As a pianist, I always make sure to acknowledge this process - that what I am listening to is not the fascinating Gaspard de la nuit as played by Michelangeli, but rather Michelangeli's fascinating personal interpretation of the fascinating work that is Gaspard de la nuit by the fascinating composer Ravel, all of which my ears transform into a fascinating experience for my senses and soul, which just feel uber-special to be the ones at the receiving end of this wonderful process.

So in short - yes, I do pay attention.


----------



## Sid James

It's also about areas of specialty. Some musicians are "better" or more focussed on certain genres than other. Eg. some violinists or pianists like chamber or solo, other orchestral. Others both, everything. Some have wider range than others, so on. Sometimes they go out on a limb and do some amazing things, attesting to their overall skills, expertise. Musicians don't have to be put in a box or area of specialty. They can branch out. & they can have "comebacks" like say Vladimir Horowitz did at the end of his life. You never know what to expect from these guys, they're amazing people...


----------



## Taneyev

There are some music fans that take to extremes the comparative interpretations by different solists. A friend of mine, fanatic of violin pieces, have dozens and even hundred of versions of the most famous works. I believe that he has a hundred of LvB v.c.
We differ on that. I look for works and composers, and with 2 or 3 recordings of any work I love, it's enough for me. But on certain players, I'm very much like him. Have nearly a hundred Oistrakhs, more that 70 Heifetzs....


----------



## dengxiuwu

Well,sometimes I'll come to see who they are.


----------



## Moira

I'm another that doesn't much care whether a piece of music is played by x or y. However, sometimes an excellent performance does change the perception of the work.


----------



## tgtr0660

I might accept a lesser or unknown name for a work I really want to hear as a addition to my collection by a composer I just want to get to know a little bit to see if later I will dig deeper into his catalogue. But for the all the composers I really know and like (and even for composers of whom I like only one or two works) I will pay special attention to the perfomer/Orchestra and conductor. And many times I will find not one but several great version by different musicians that differ in many aspects but can equally be called excellent renditions of the works. 

A music composition is sort of like a theater play. Yes, the big idea, the characters, the drama, the rhythm and depth of the play are in the text, but when you see them performed in the stage, it makes a big difference whether they are played by horrible actors or by fantastic thespians.. 

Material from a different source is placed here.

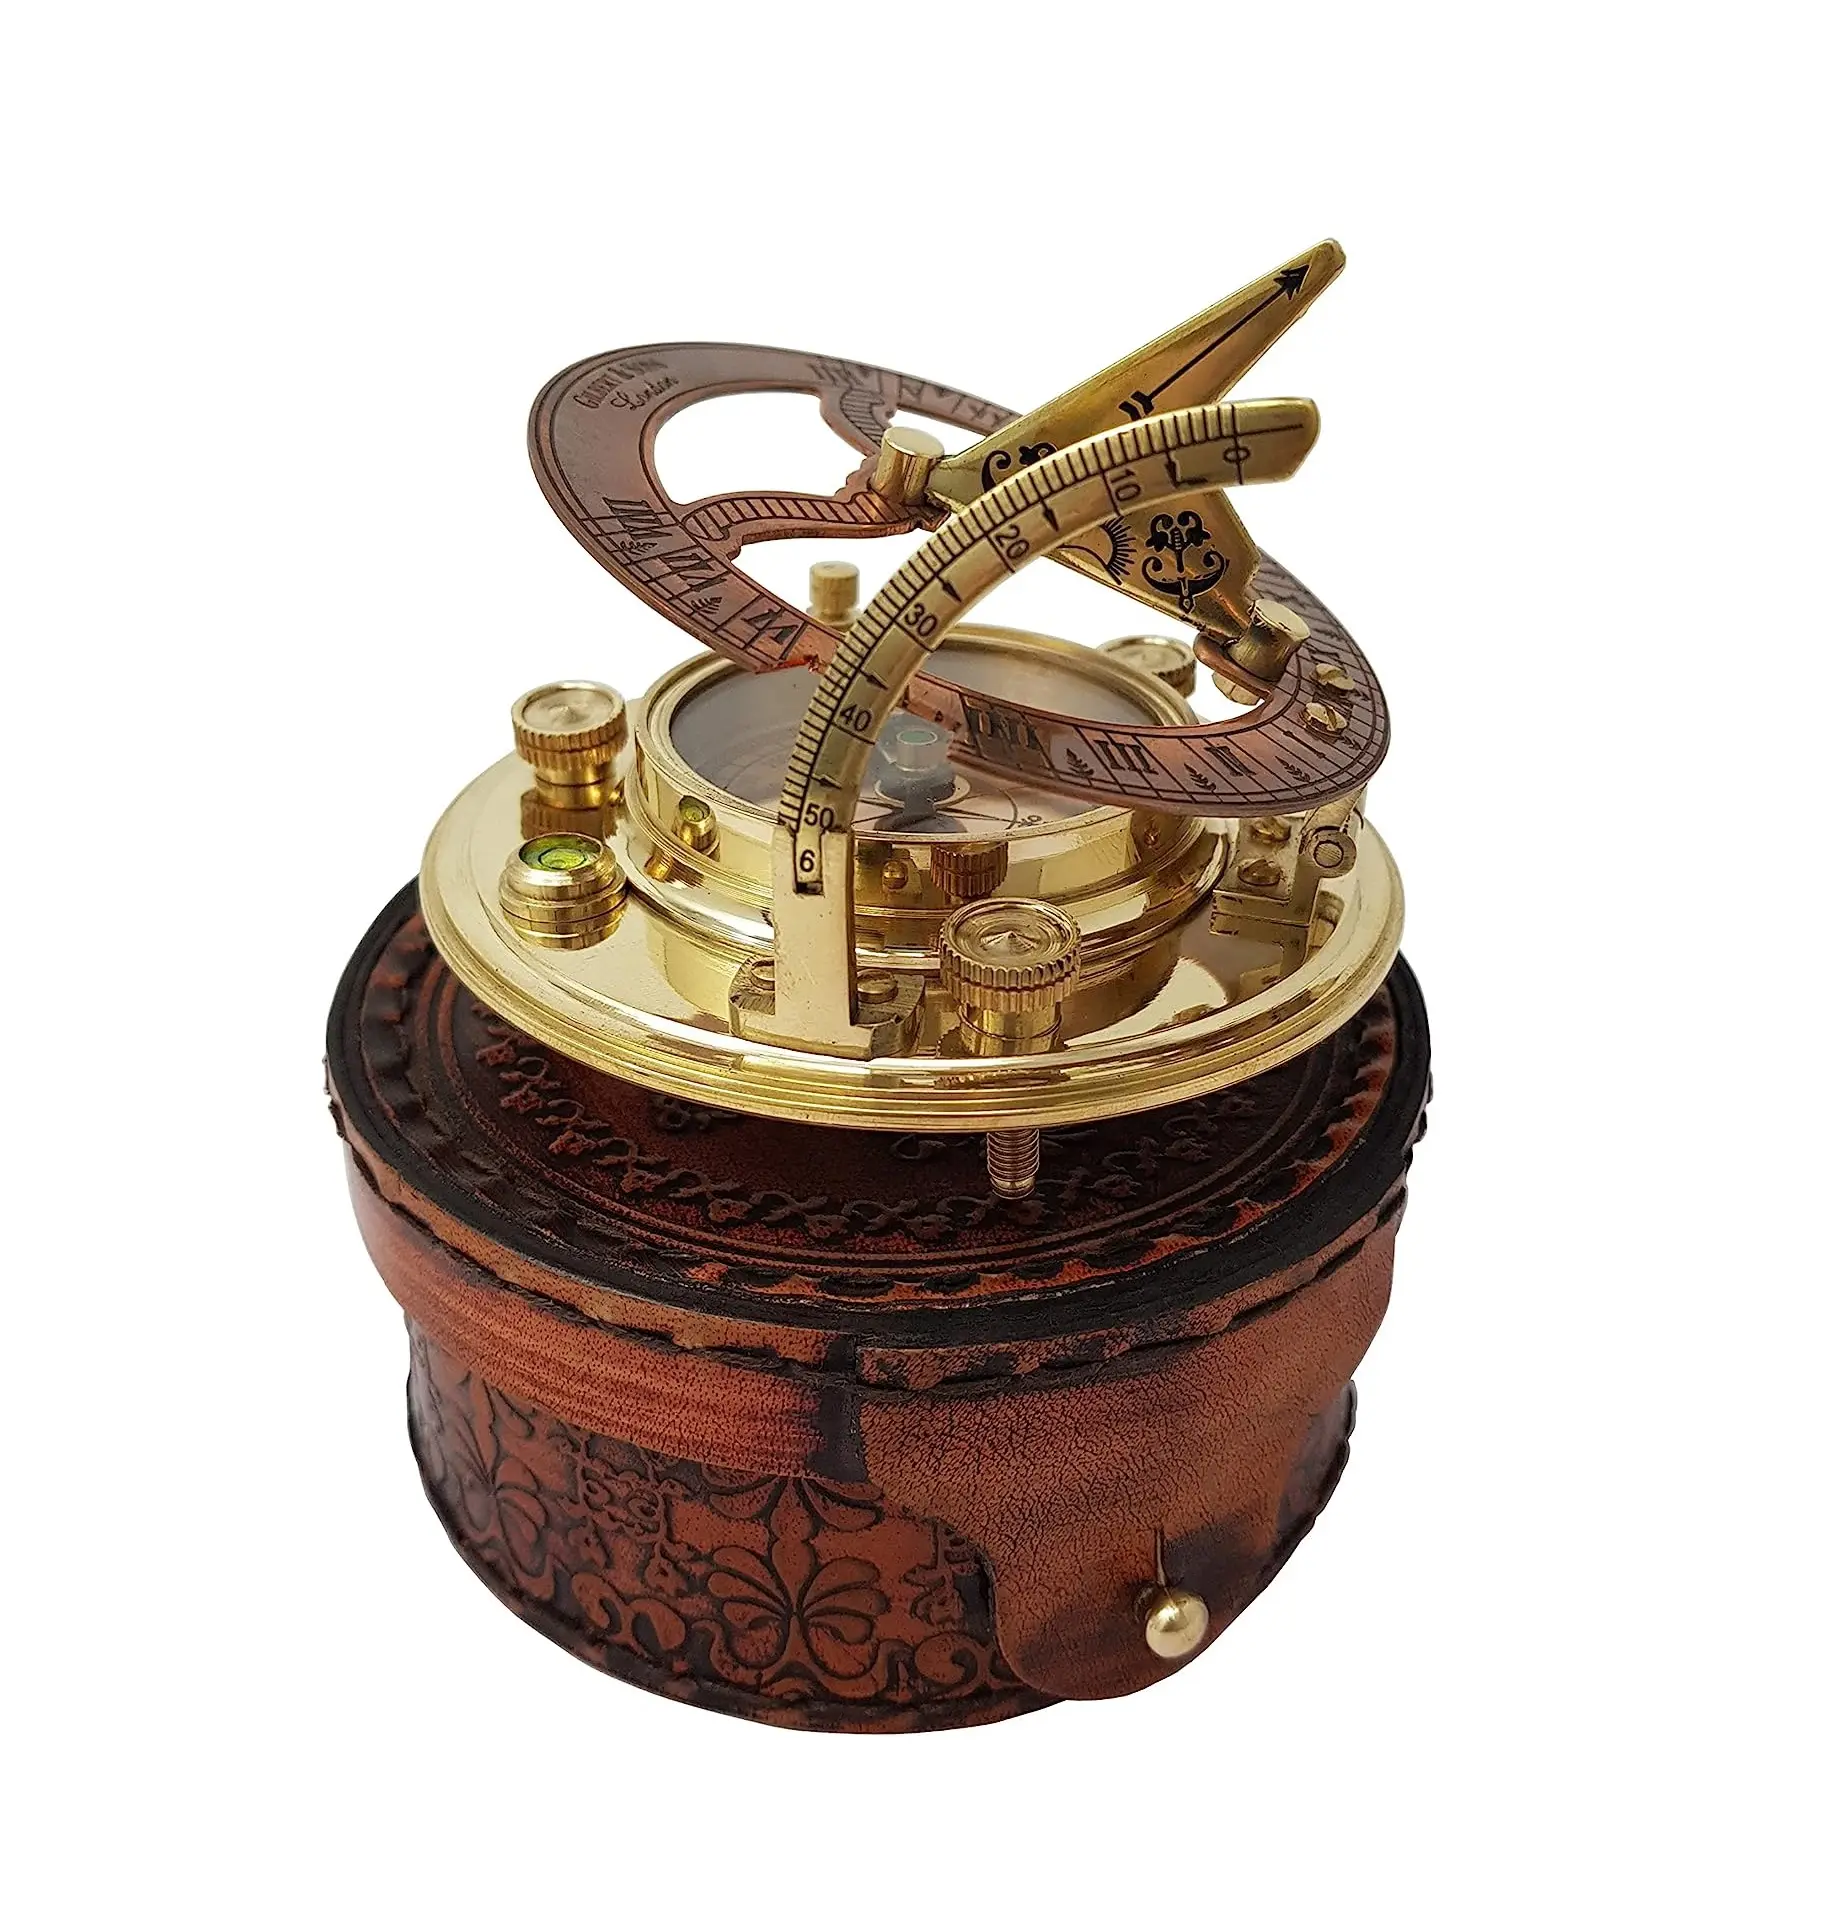 Wholesale price Antique Brass & Copper Sundial Compass Sundial Clock Box Gift Sun Clock Watch

Even my approach mentioned above might sometimes work against me. If I just want to listen to one unknown work by one unknown composer and I choose a minor version, the version might be so mediocre that I might want to stop digging deeper into that work and composer, whereas if I had chosen as my entry point a much better regarded recording, I could've decided the composer deserved much more attention. Performances can kill works, no matter how good the works are (example: if my introduction to Mozart and his requiem -let's call it entirely his for this point's sake, and let's pretend that was my introductory work for that composer- would have been the horrendous Harnoncourt version, I would probably had a tougher time trying to study his work and this composition in particular any deeper; imagine that happening to one of those "one work" composers...). 

In the end, I realize I rarely buy music on the blind. Even when I buy Naxos or some other label with relatively unknown performers, I check several reviews and comments to see if at least a few people liked it, then I know there is a decent chance I will like it too. Performers are extremely important. 

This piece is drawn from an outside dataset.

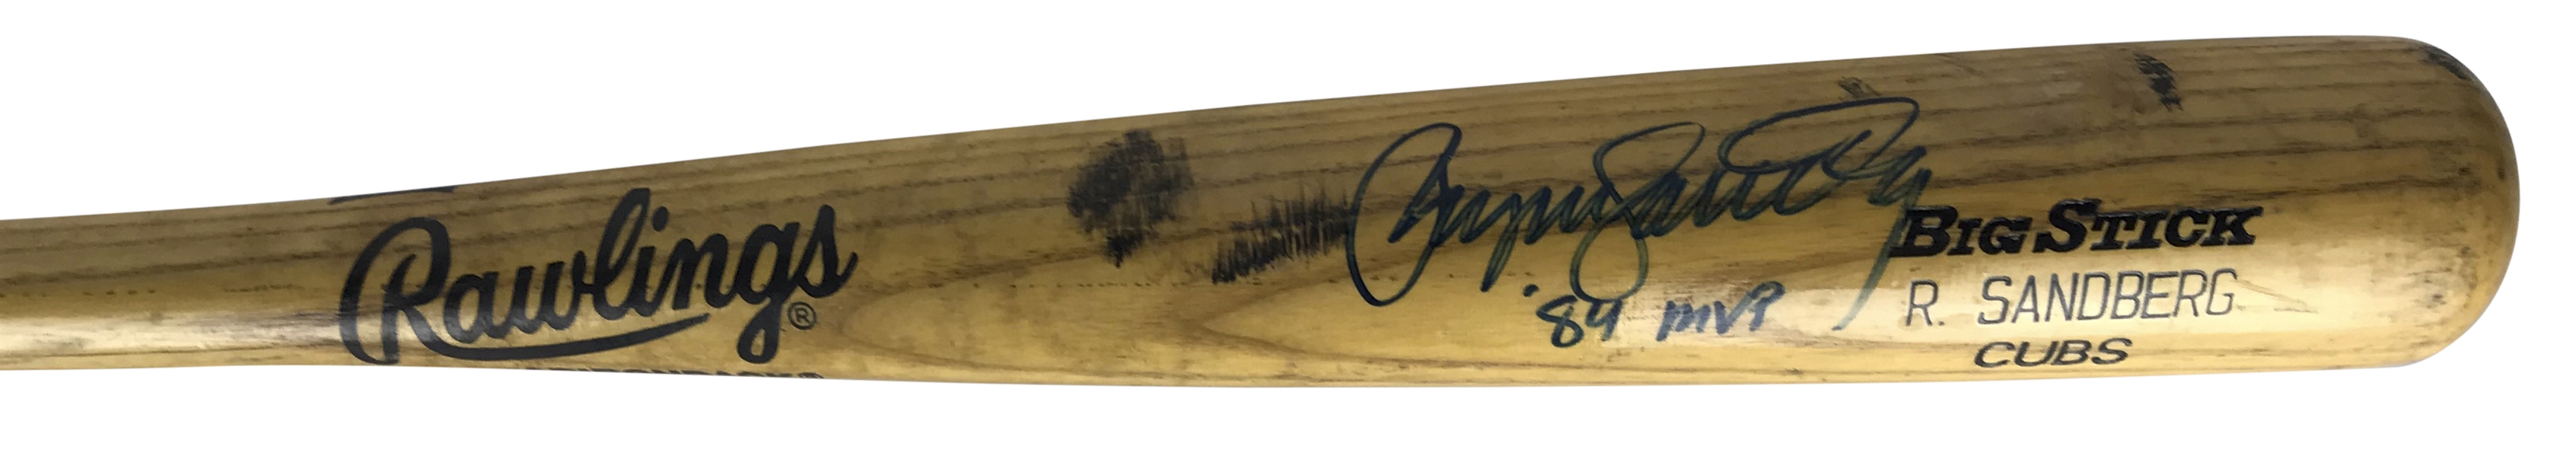 Ryne Sandberg Signed & Game Used 1991 256B Baseball Bat PSA/DNA GU 8.5!

Also, we might as well remember that even fantastic performers have bad days so not even a famous name guarantees success. Just do some research please. The music deserves it.


----------



## Operadowney

With singers, yes.
With conductors no. I see no point.


----------



## superhorn

I'm interested in both the music and the performer ; you can't really seaparate the two. Both are important. 
But I am curious to hear musicians, whether conductors or instrumentalists, not to mention singers , I haven't heard before and are not too well known or just starting to become known , so I can get some idea of how they do the music .


----------